Furthermore, we also found that the use of LLINs remained below expectations (only 54% used it regularly before delivery) despite the repeated mass distribution campaigns. This study showed, on a large scale, its major predictive role in malaria transmission. Parturients from Forécariah and Guéckédou are the most affected; in addition, these women who did not use the nets regularly had inefficient ANC visits, which exposed them more to the risk of malaria. As previously discussed, ANCs allow to detect abnormalities during pregnancy. Uptake of its advantages can potentiate its use; its contribution in the prevention of malaria has been demonstrated in several studies [2326]. It also emerged from this study that the majority of pregnant women had no level of education, which might at some extent limit both the use of LLINs and ANC visits.
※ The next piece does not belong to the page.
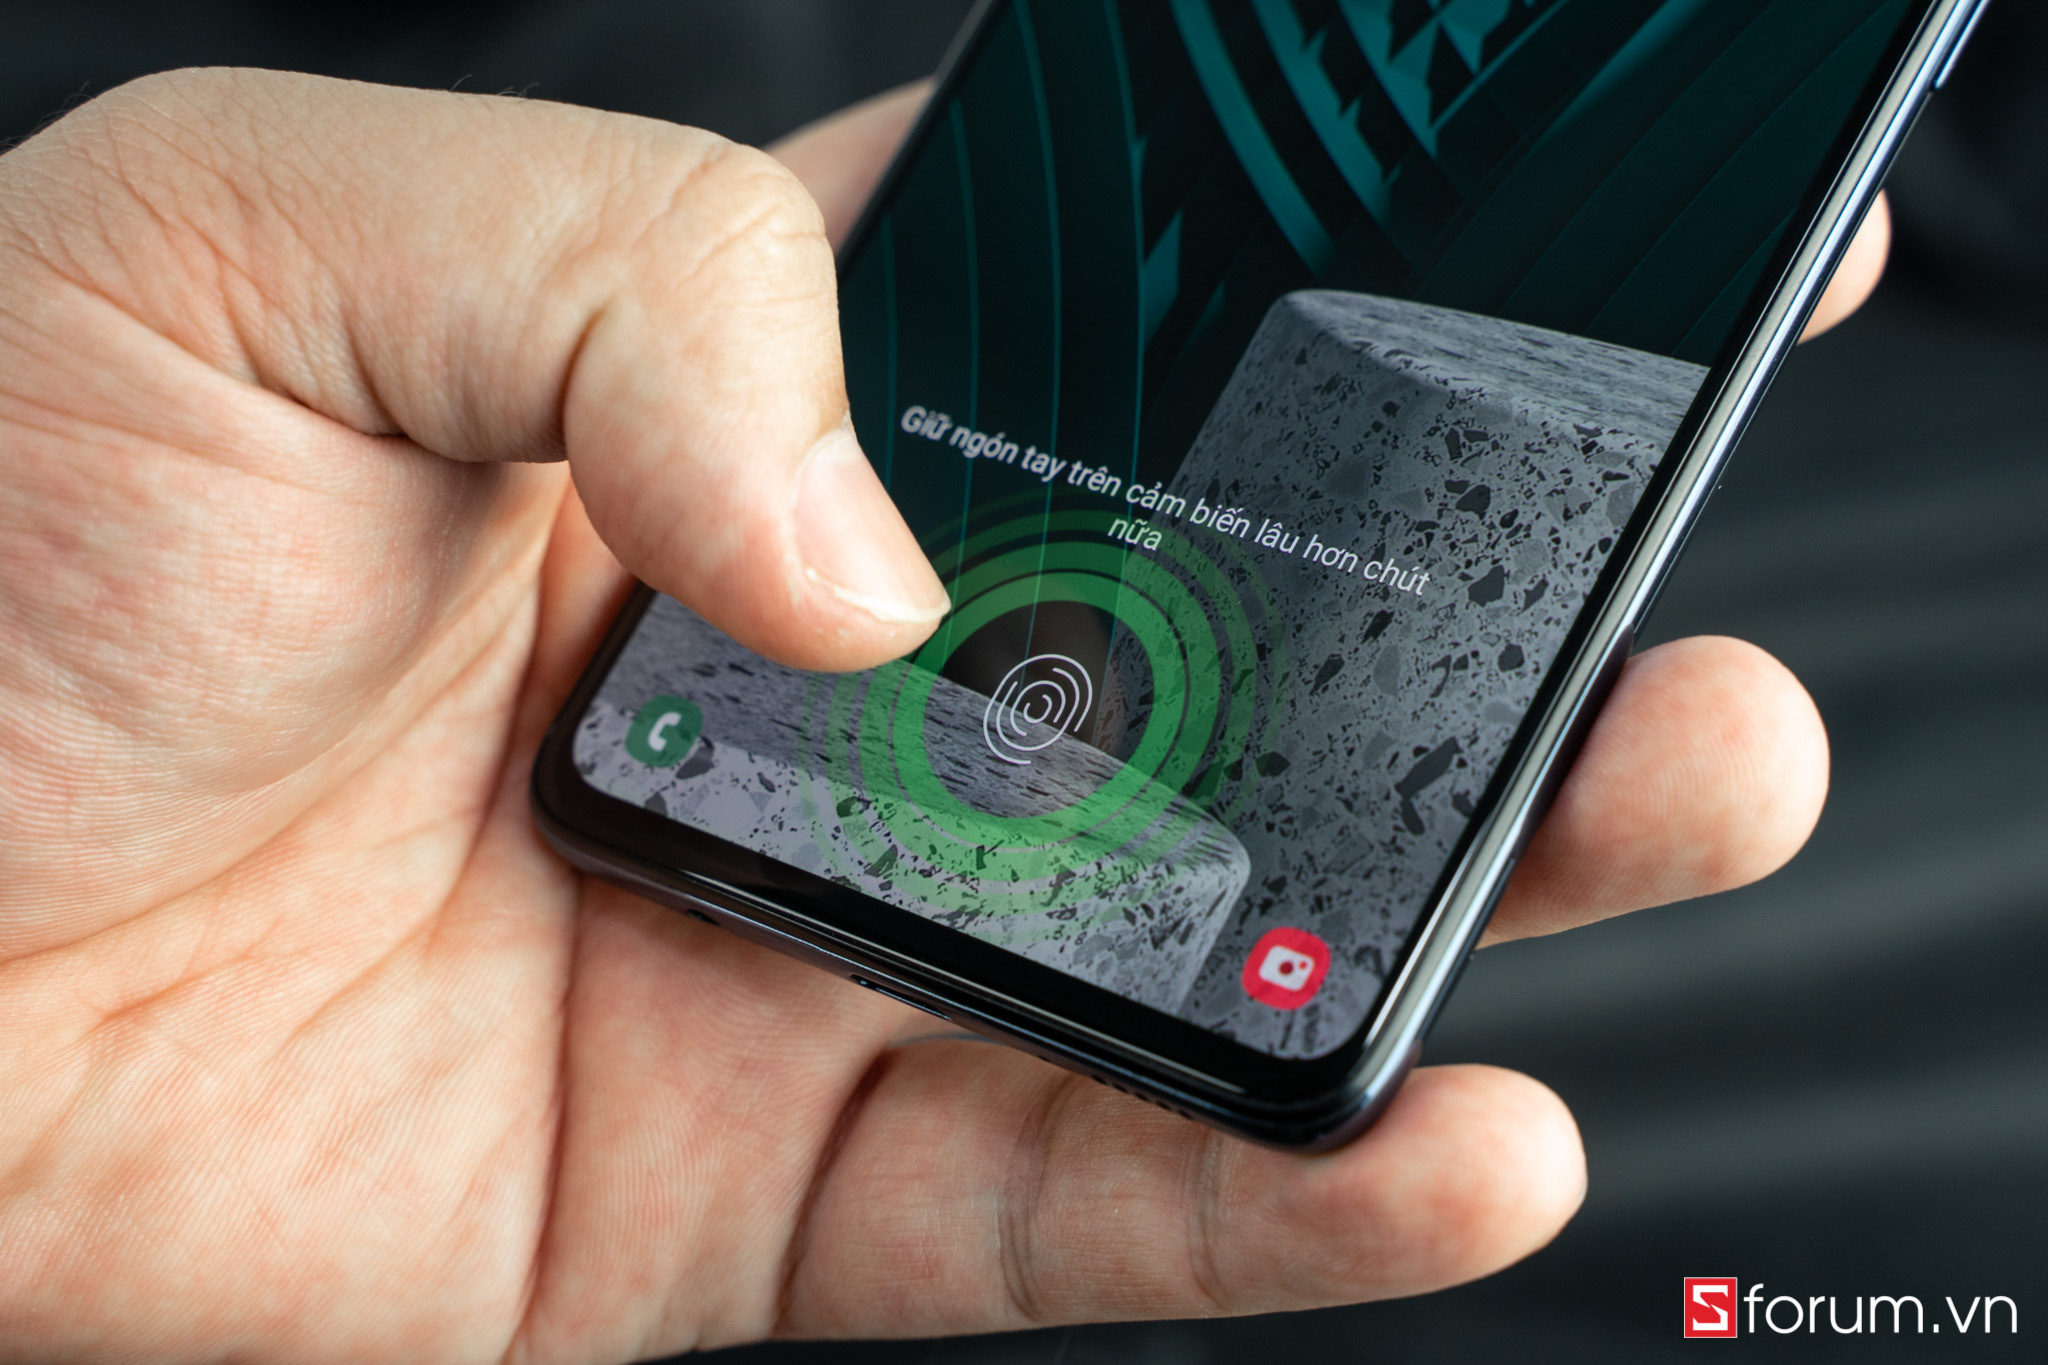 Sforum - Trang thông tin công nghệ mới nhất tren-tay-defunc-true-go-5-1 Đánh giá Galaxy A51 sau 1 tháng sử dụng: Trải nghiệm vẫn tốt, giá cũng đã mềm hơn

Beyond these ANC visits, it should be noted that even educated women could sometimes ignore the use of LLINs. This low use of LLINs could be explained by sociodemographic characteristics (low knowledge of its interest, environment of residence, allergies, choking, inappropriate form of LLINs, and so on) [27, 28]. The other aspect that influences the risk is the socioenvironmental context of these two districts (Forécariah and Guéckédou). In fact, these regions had been seriously affected by the Ebola virus disease outbreak, which has not only undermined local health systems but also led to behavioral changes regarding health facilities.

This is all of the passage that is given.